L&T Technology Services (LTTS) is an Indian multinational technology company that provides engineering research and development (ER&D) services, headquartered in Vadodara. The company's business interests include automotive engineering, embedded system and semiconductor engineering, industrial internet of things, manufacturing plant engineering, and medical engineering.

LTTS is a subsidiary of the conglomerate Larsen & Toubro (L&T), and listed on both NSE and BSE. The company has offices across India, United States, Europe, and Asia.

== History ==
L&T Technology Services (LTTS) was founded in 2006 as L&T Integrated Engineering Services. In its first year, the company generated $70 million in revenue. Initially, it only operated as the engineering arm of Larsen & Toubro and in 2013, as a result of L&T's strategy, the parent company was split into "nine verticals and six subsidiaries", of which this was one. It began to expand its engineering services as a developer of corporate software under a new brand name L&T Technology Services (LTTS).
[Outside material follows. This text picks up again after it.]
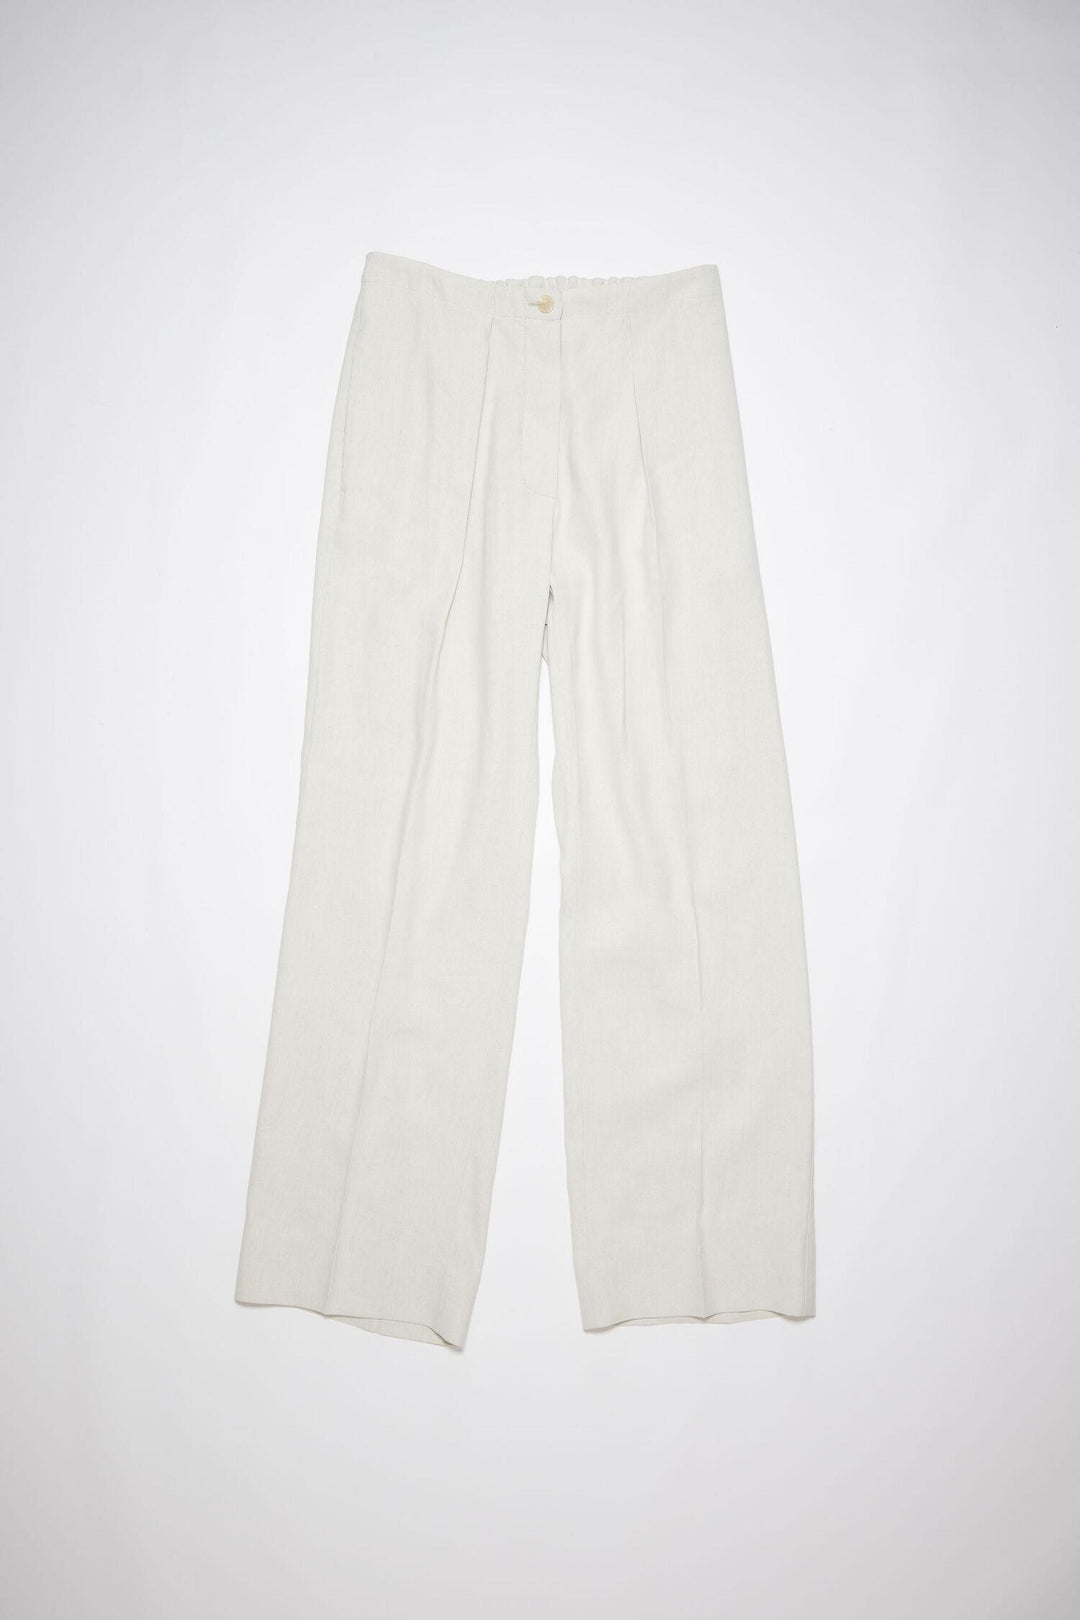 ACNE STUDIOS - Linen Blend Trousers - Cream White - Dale

In September 2016, LTTS had its initial public offering in the National Stock Exchange, making it the second L&T subsidiary to go public. A. M. Naik, the current group chairman of the parent company, remained chairman of the subsidiary until his retirement in October 2017. Keshab Panda was named as the CEO and managing director and S.N.Subrahmanyan as vice chairman of the company.

In 2016, LTTS developed a set of personal safety gear that is based on cloud-enabled technologies. The system includes a set of "helmets, gloves, jackets and shoes that have sensors capturing [the wearers] performance, and sending it to a centralized database on the cloud."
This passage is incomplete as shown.